The prediction models with weighted features increased the performance compared to non-weighted models. Moreover, we predicted the DILI potential of herbs with the best performed model, and the prediction results suggest that many herbal compounds could have potential to be DILI. We can thus infer that taking natural products without detailed references about the relevant pathways may be dangerous. Considering the frequency of use of compounds in natural herbs and their increased application in drug development, DILI labeling would be very important.
药物性肝损伤(DILI)是药物研发中的一个关键问题,因为DILI会导致临床试验失败以及已批准药物退市。人们已经进行了许多尝试,基于体内和计算机模拟识别肝毒性化合物来预测DILI风险。在本研究中,我们提出了一种使用加权分子指纹预测DILI的计算机模拟预测模型。

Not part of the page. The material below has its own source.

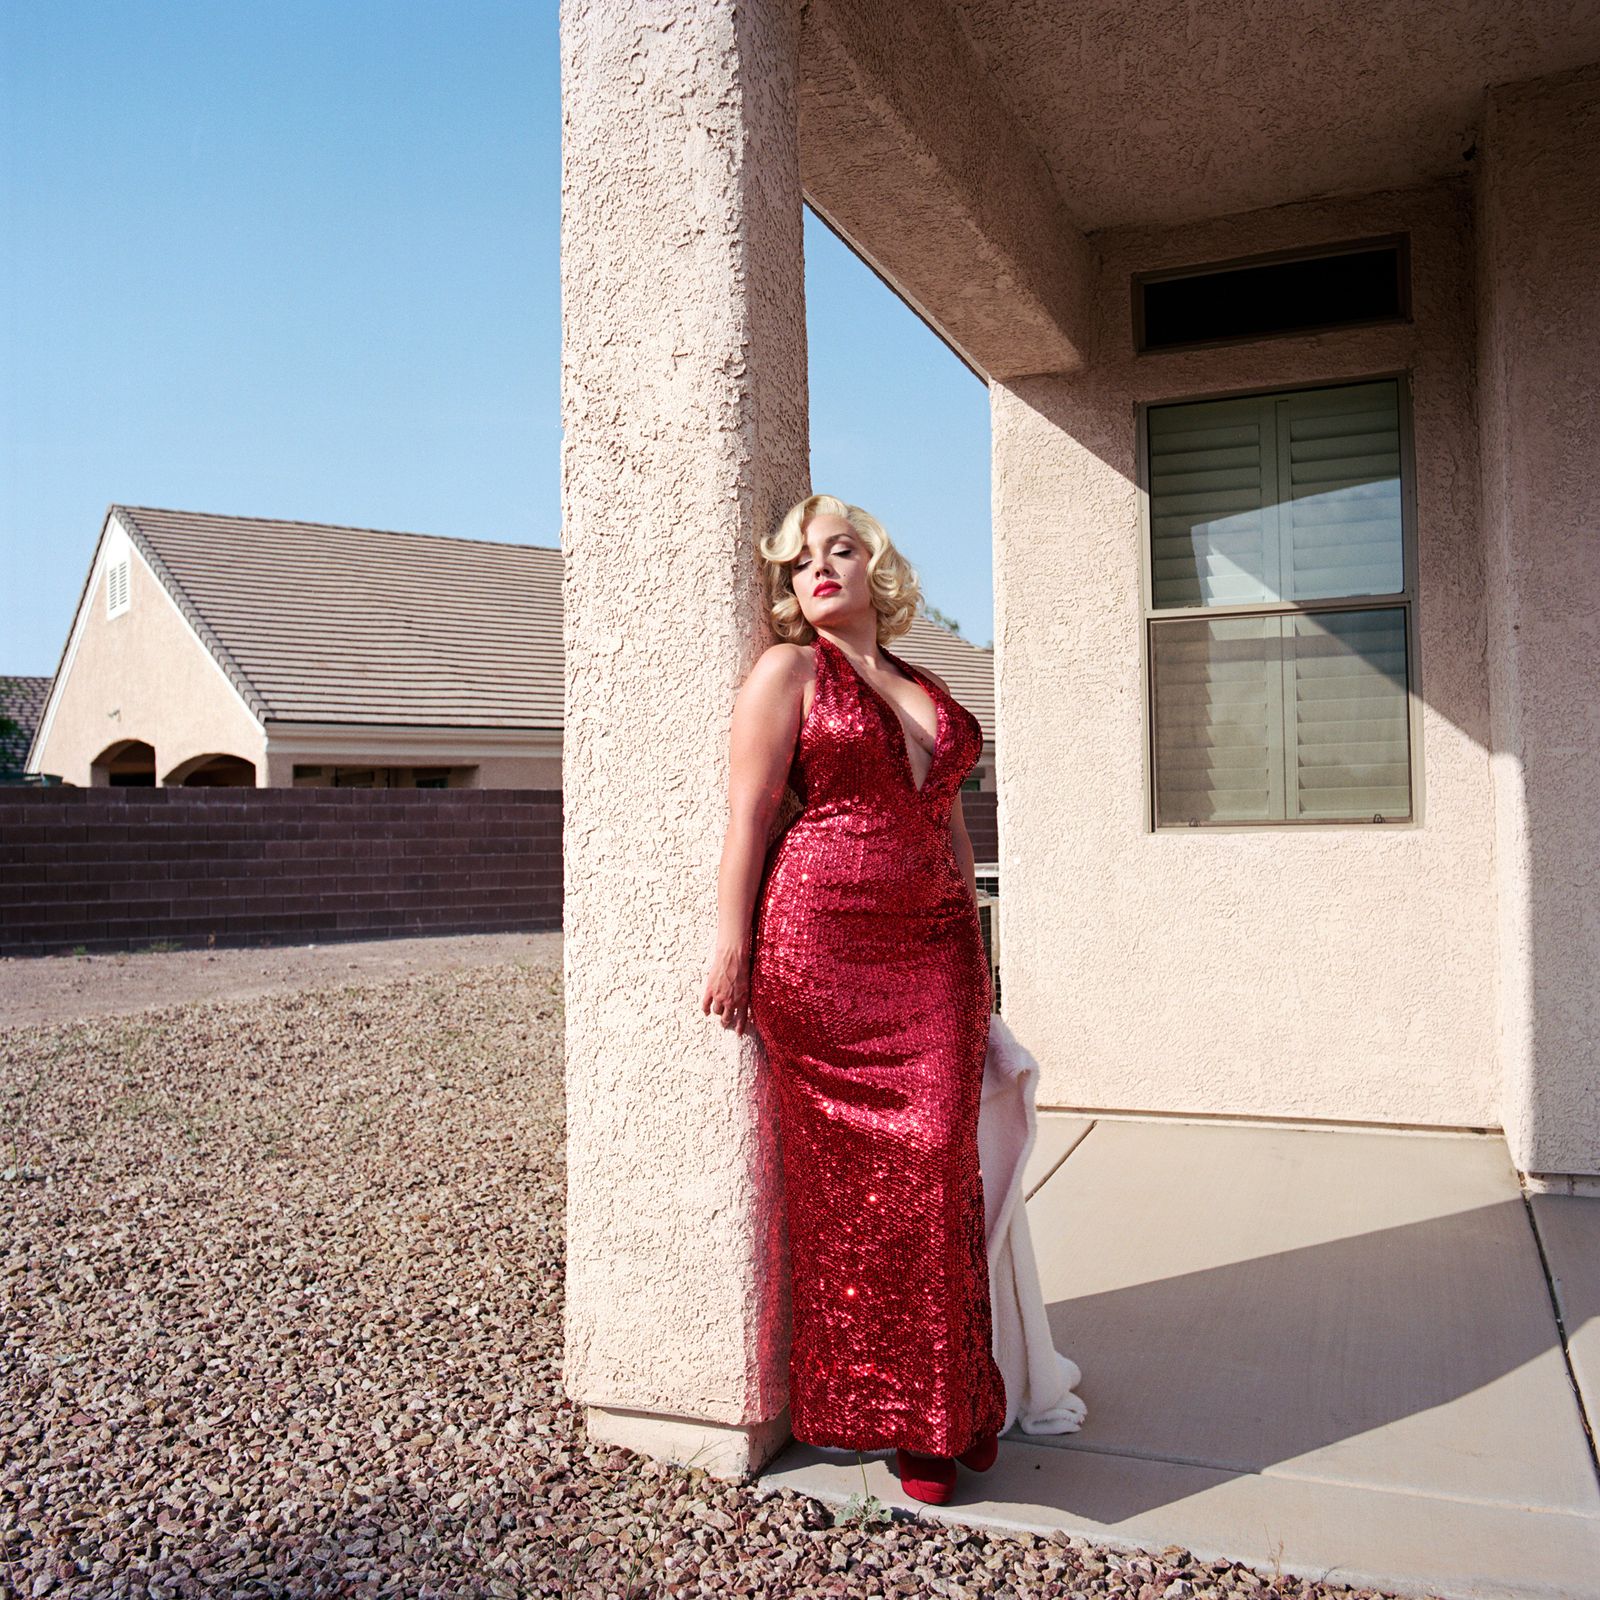 © Emily Berl - Jami as Marilyn Monroe, Henderson, NV, 2013.
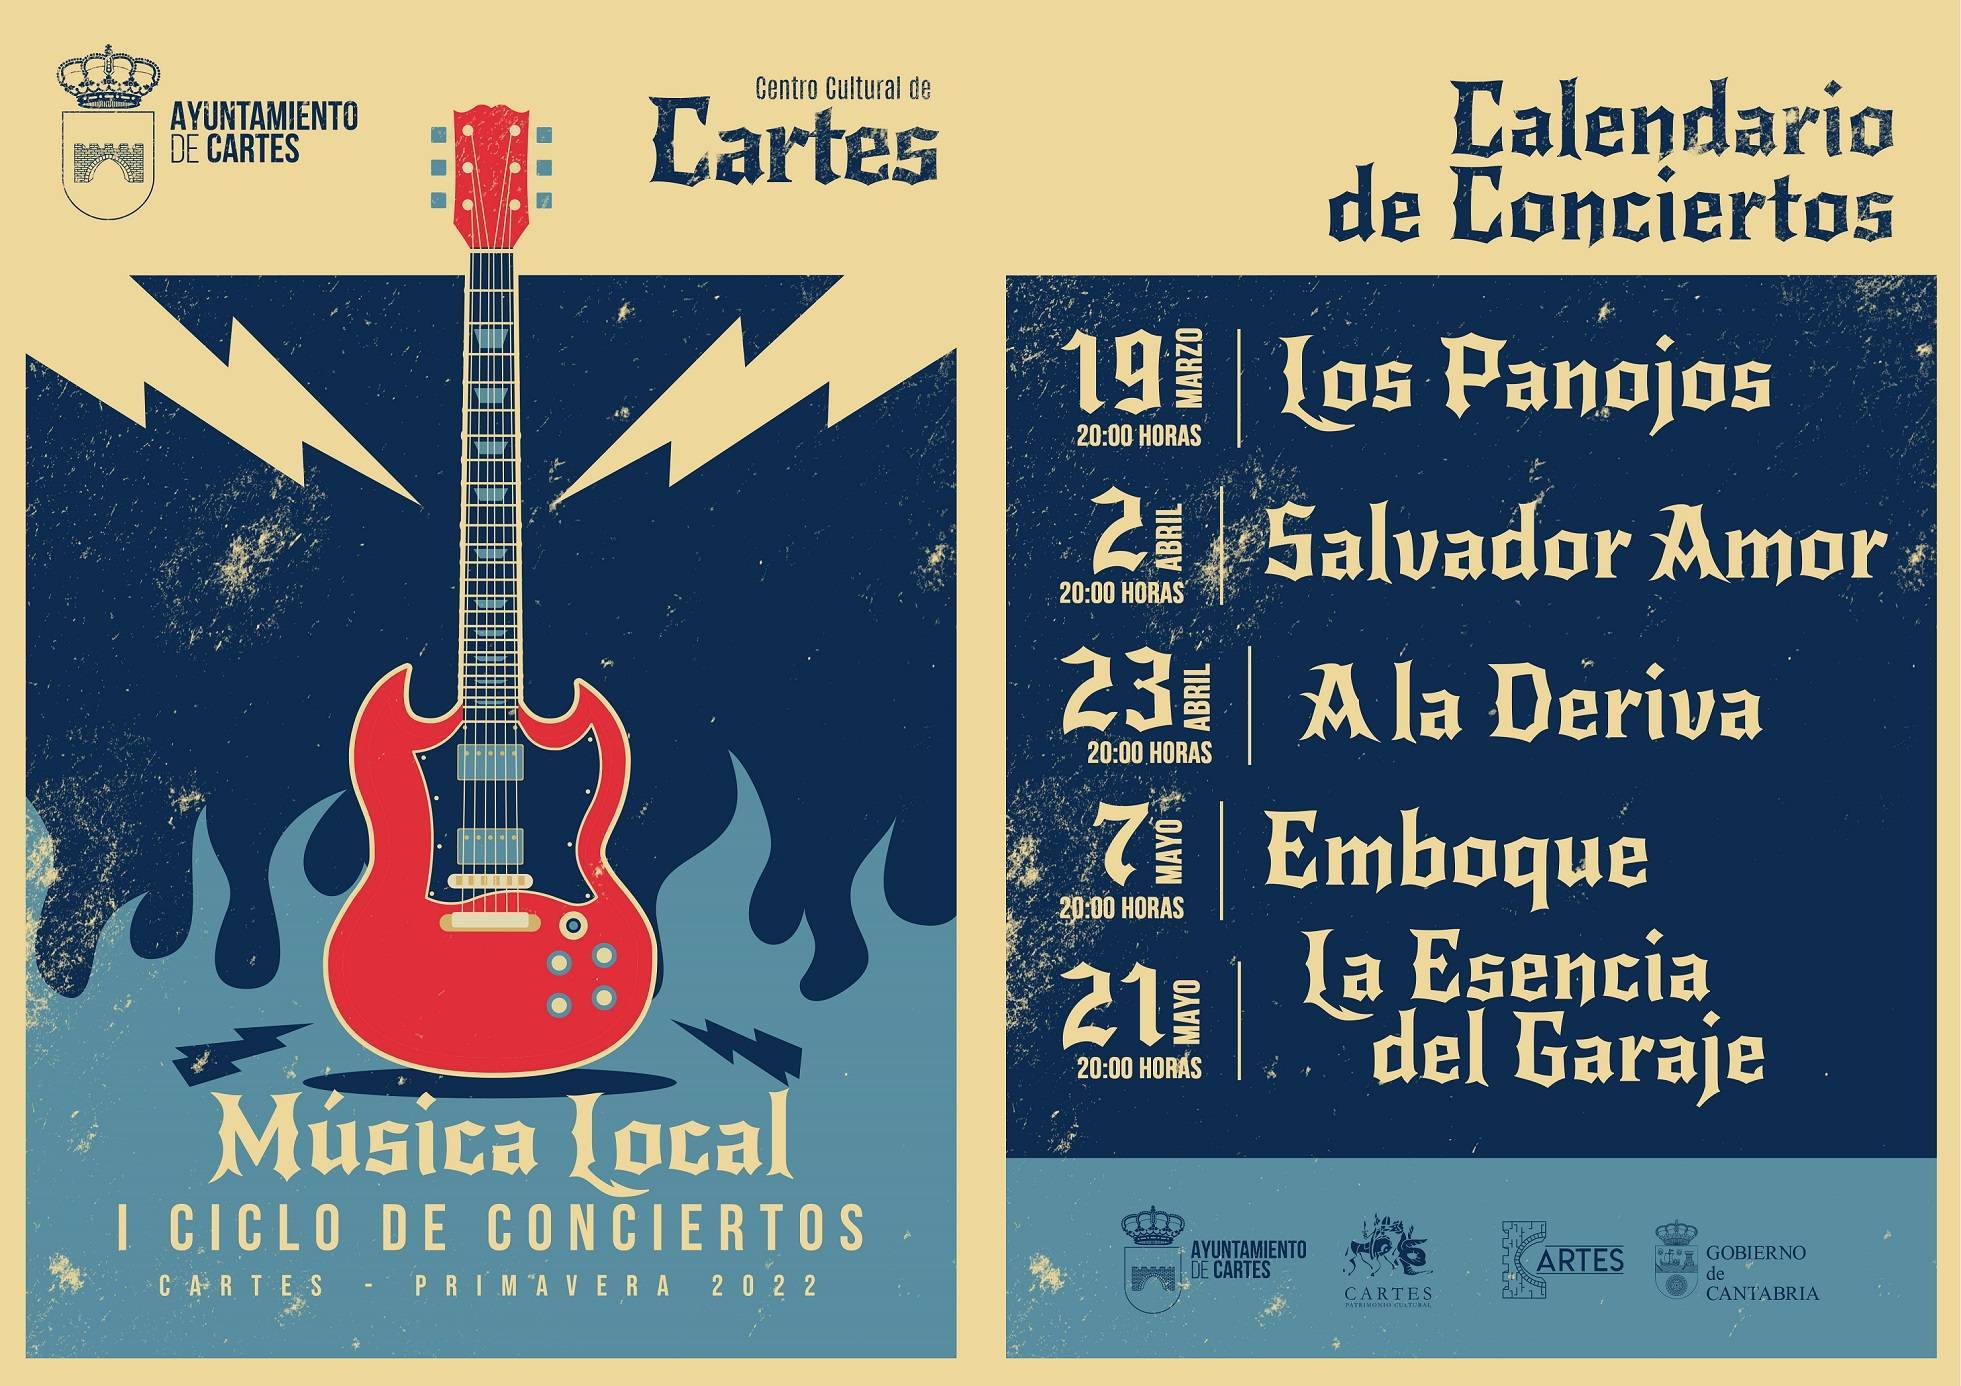 I Ciclo de Conciertos de Música Local - Cartes (Cantabria)

在本研究中,我们使用了881位的分子指纹作为描述化合物各子结构存在与否的特征。然后,计算每个子结构的贝叶斯概率并进行标记(DILI为阳性或阴性),并根据DILI阳性与DILI阴性概率值的比率确定加权指纹。使用加权指纹特征,采用随机森林(RF)和支持向量机(SVM)算法对预测模型进行训练和评估。构建的模型在交叉验证中的准确率分别为73.8%和72.6%,曲线下面积(AUC)分别为0.791和0.768。在独立测试中,RF和SVM模型的准确率分别为60.1%和61.1%。结果证实加权特征有助于提高预测模型的整体性能。构建的模型进一步应用于草药中天然化合物的DILI潜力预测,SVM模型预测有13996种独特的草药化合物为DILI阳性。
与未加权模型相比,具有加权特征的预测模型性能有所提高。此外,我们使用性能最佳的模型预测了草药的DILI潜力,预测结果表明许多草药化合物可能具有DILI潜力。因此我们可以推断,在没有详细了解相关途径的情况下服用天然产物可能是危险的。考虑到天然草药中化合物的使用频率及其在药物研发中的应用增加,DILI标签将非常重要。